The ask was a formula to articulate the total number of potential unique answer sets. Which I was not able to figure out, I did however write python code to generate all of the unique sets. So here is that function, where I create a networkx directed graph in a particular format, and then find all of the potential start to end paths in that graph. You just add a dummy begin node, and end nodes at the terminating locations and the final question. You then just search for all of the paths from the begin to end nodes.

import networkx as nx

def question_paths(totq,term):
    '''
    totq -- positive integer, total number of questions
    term -- list of integers, where ints are questions that terminate
    '''
    nodes = [f'Q{i}{r}' for i in range(totq) for r in ['N','Y']]
    edges = []
    for i in range(totq-1):
        edges.append([f'Q{i}Y',f'Q{i+1}N'])
        edges.append([f'Q{i}Y',f'Q{i+1}Y'])
        if i not in term:
            edges.append([f'Q{i}N',f'Q{i+1}N'])
            edges.append([f'Q{i}N',f'Q{i+1}Y'])
    # adding in begin/end
    nodes += ['Begin','End']
    edges += [['Begin','Q0N'],['Begin','Q0Y']]
    for t in term:
        edges.append([f'Q{t}N','End'])
    edges += [[f'Q{totq-1}N','End'],[f'Q{totq-1}Y','End']]
    # Now making graph
    G = nx.DiGraph()
    G.add_nodes_from(nodes)
    G.add_edges_from(edges)
    # Getting all paths
    paths = []
    for p in nx.all_simple_paths(G,source='Begin',target='End'):
        nicer = [v[-1] for v in p[1:-1]]
        paths.append(nicer)
    return paths

And now we can check out where all paths are terminating, you only get further up the tree if you answer all yes for prior questions.

>>> question_paths(3,[0,1,2])
[['N'],
 ['Y', 'N'],
 ['Y', 'Y', 'N'],
 ['Y', 'Y', 'Y']]

So in that scenario we have four potential answer sets. For all binary, we have the usual 2^3 number of paths:

>>> question_paths(3,[])
[['N', 'N', 'N'],
 ['N', 'N', 'Y'],
 ['N', 'Y', 'N'],
 ['N', 'Y', 'Y'],
 ['Y', 'N', 'N'],
 ['Y', 'N', 'Y'],
 ['Y', 'Y', 'N'],
 ['Y', 'Y', 'Y']]

And then you can do a mixture, here just question 2 terminates, but 1/3 are binary:

>>> question_paths(3,[1])
[['N', 'N'],
 ['N', 'Y', 'N'],
 ['N', 'Y', 'Y'],
 ['Y', 'N'],
 ['Y', 'Y', 'N'],
 ['Y', 'Y', 'Y']]

One of the things doing this exercise taught me is that it matters where the terminating nodes are in the tree. Earlier terminating nodes results in fewer potential paths.
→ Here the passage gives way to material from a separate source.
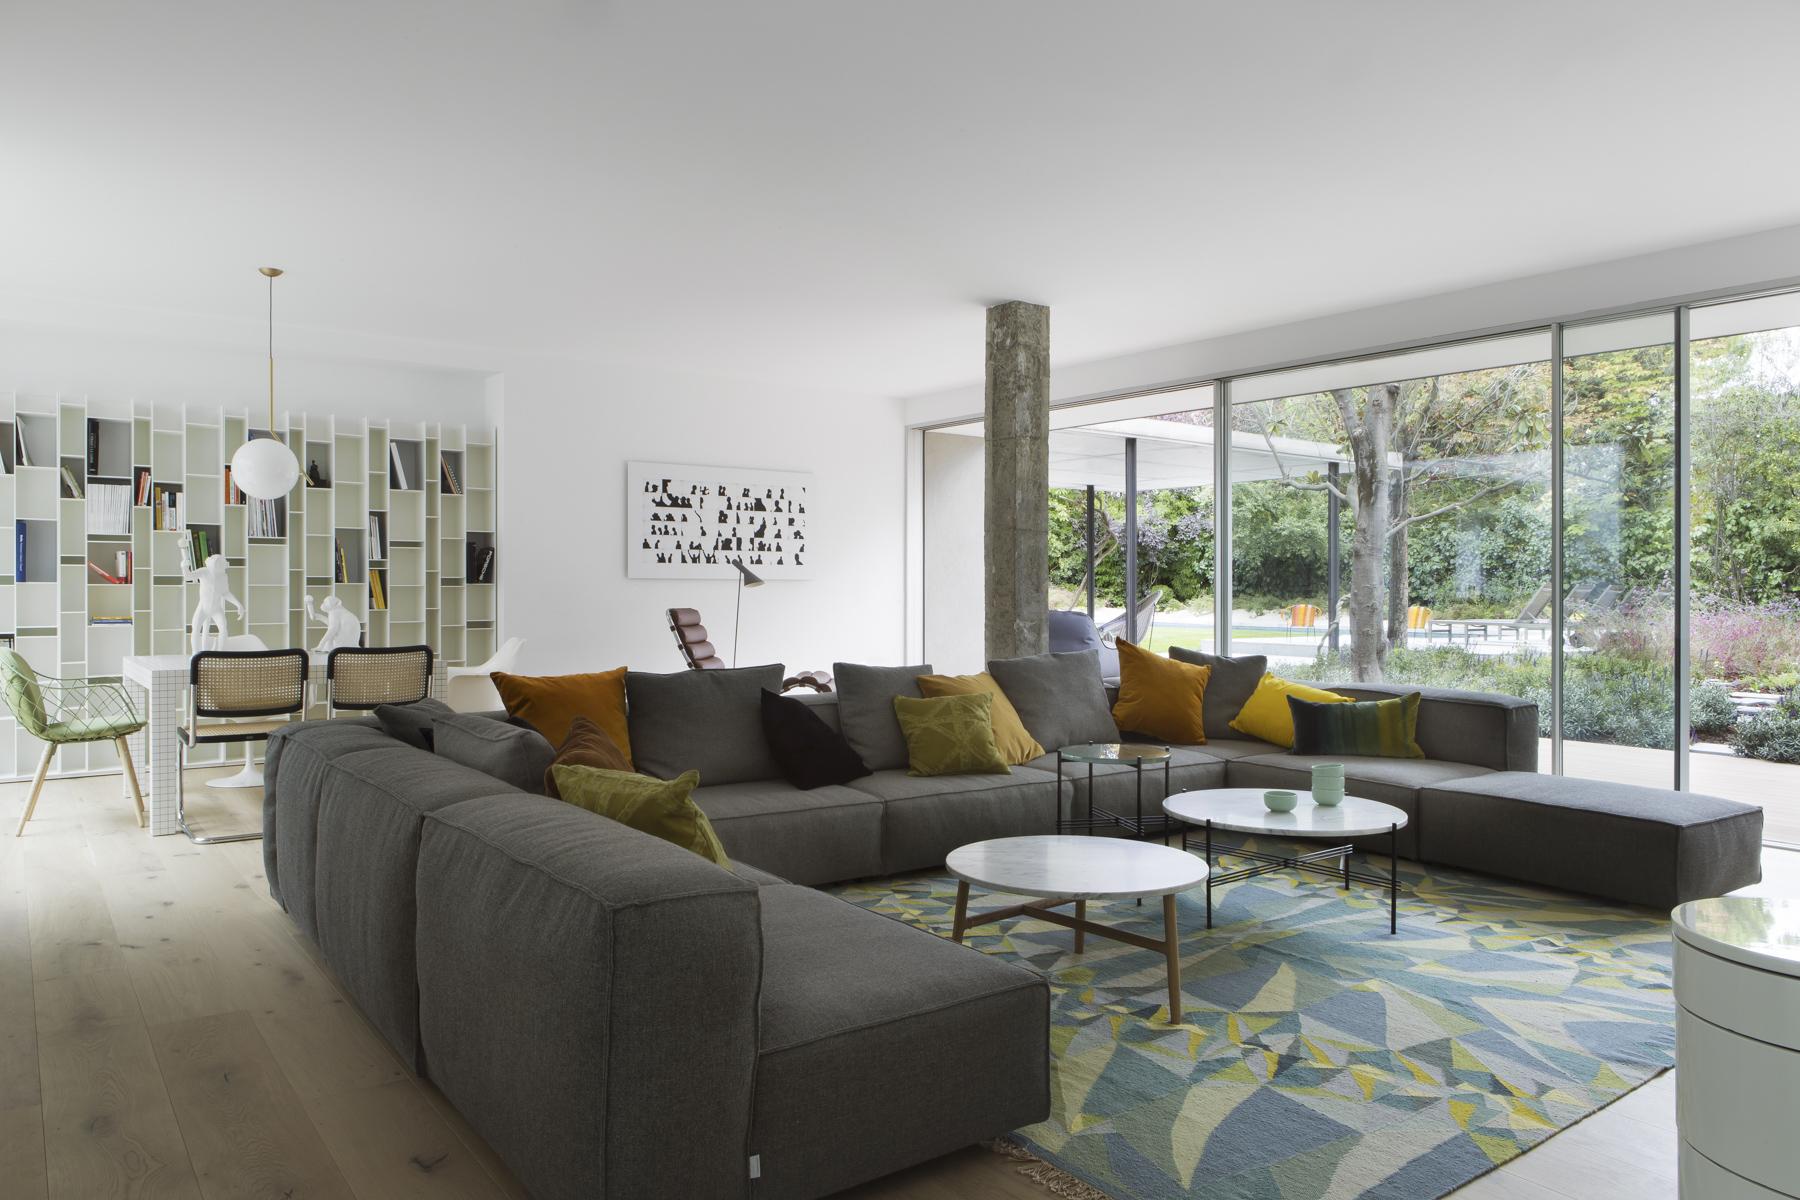 Proyecto de reforma estudio ÁBATON arquitectura. Casa L Salon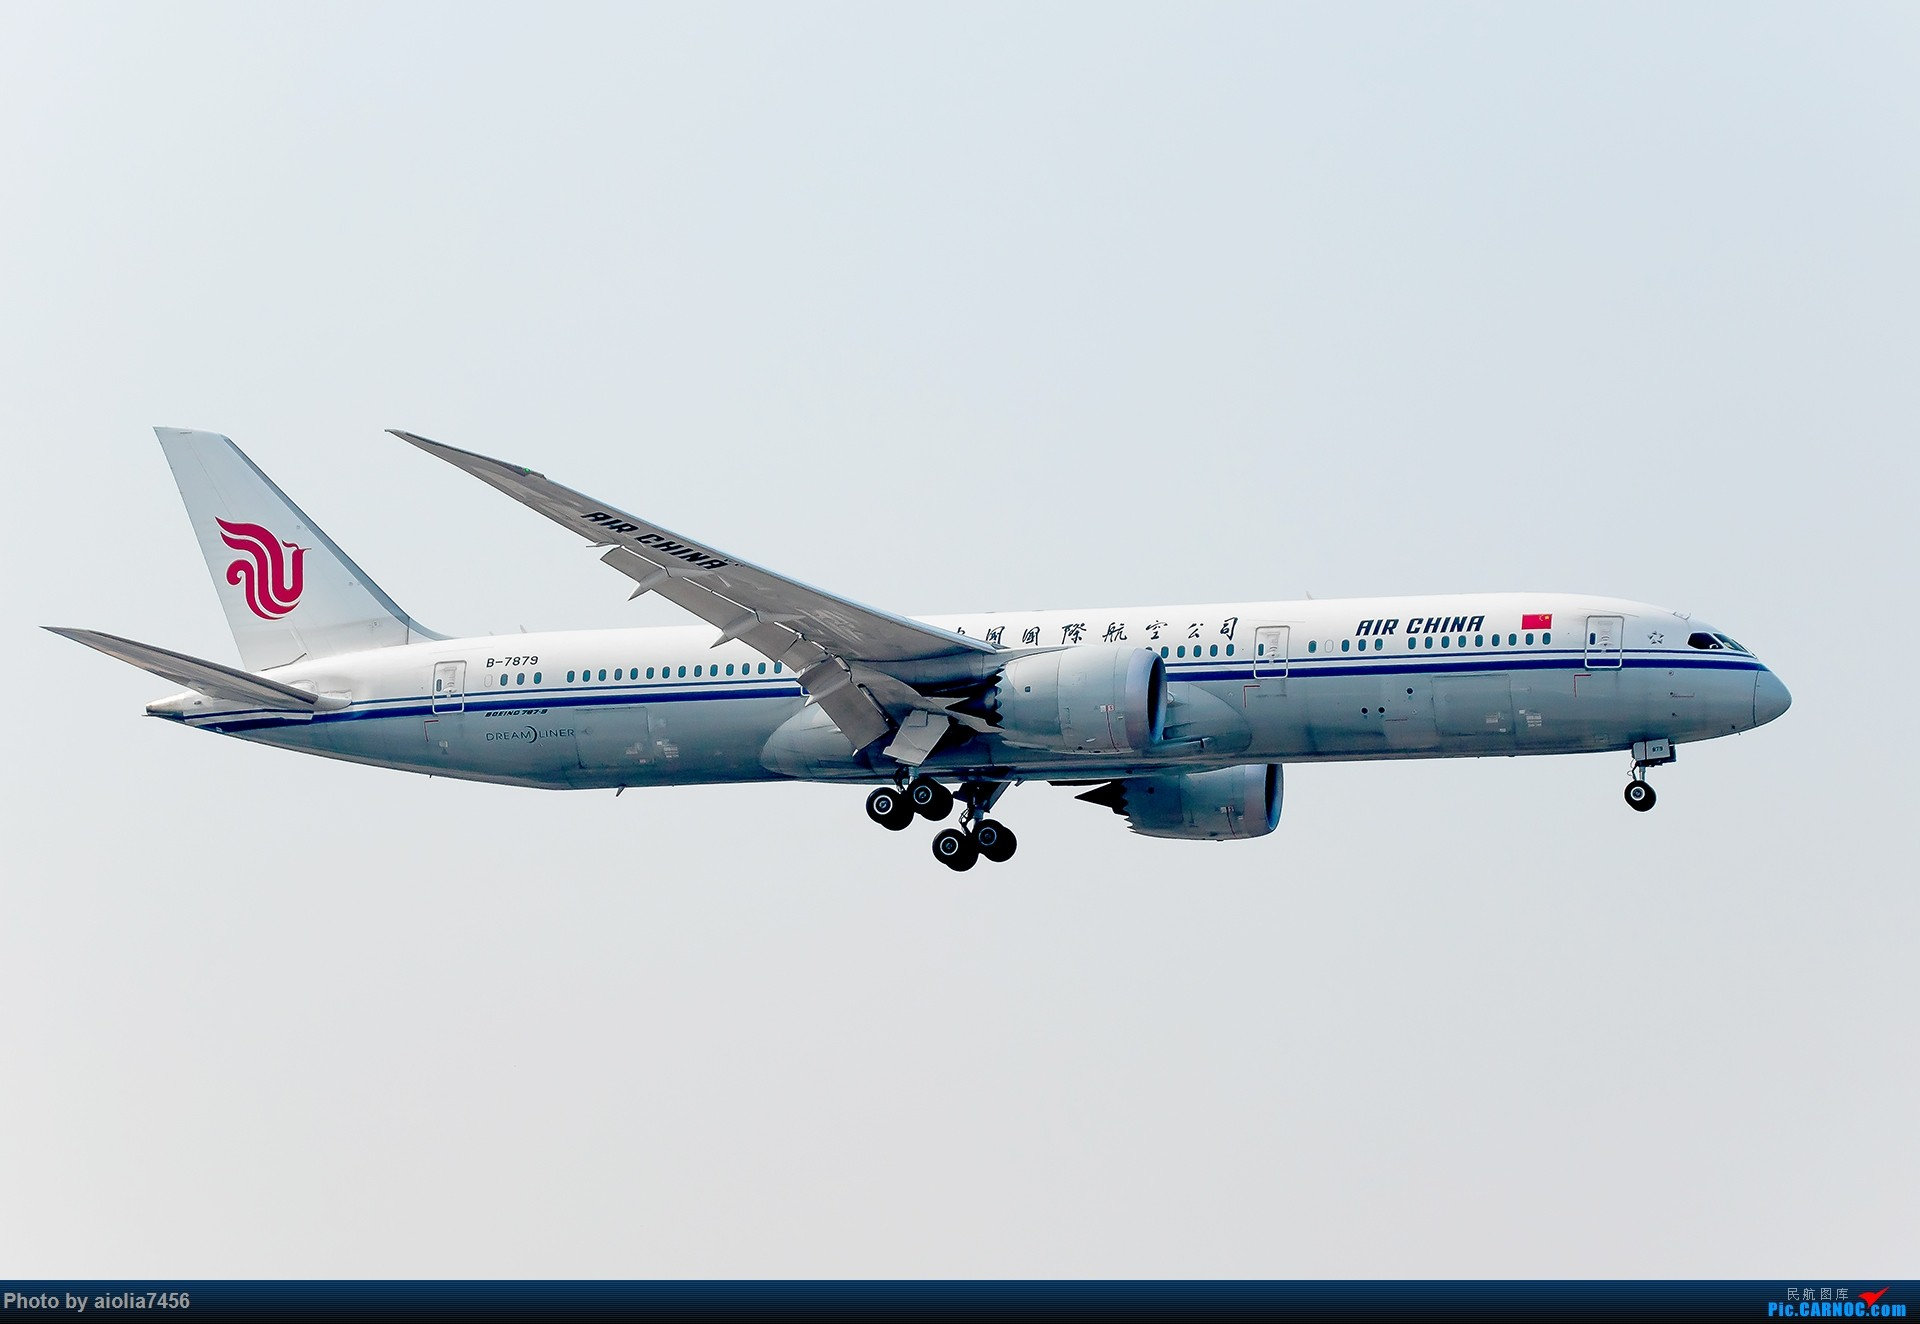 Re:[原创][霸都打机队]摸摸怀中的7D2,好宝宝,跟了新的主人你要乖乖听话哦,离开我之前,我带你逛一圈ZSSS,最后一次陪我看看那些我们不怎么看得到的宽体吧。 BOEING 787-9 B-7879 中国上海虹桥国际机场

# can different depending on where the terminators are
len(question_paths(10,[1,5])) # 274
len(question_paths(10,[6,8])) # 448
len(question_paths(10,[0,1])) # 258
len(question_paths(10,[8,9])) # 768

So the best in terms of a formula for the total number of paths I could figure out was 2^(non-terminating questions) <= paths <= 2^(questions) (which is not a very good bound!) I was trying to figure out a product formula but was unable (any suggestions let me know!)

This reminds me of a bit of product advice from Jennifer Pahlka, you should have eliminating questions earlier in the form. So instead of filling out 100 questions and at the end being denied for TANF, you ask questions that are the most likely to eliminate people first.

It works the same for total complexity of your application. So asking the terminating questions earlier reduces the potential number of permutations you ultimately have in your data as well. Good for the user and good for the developers.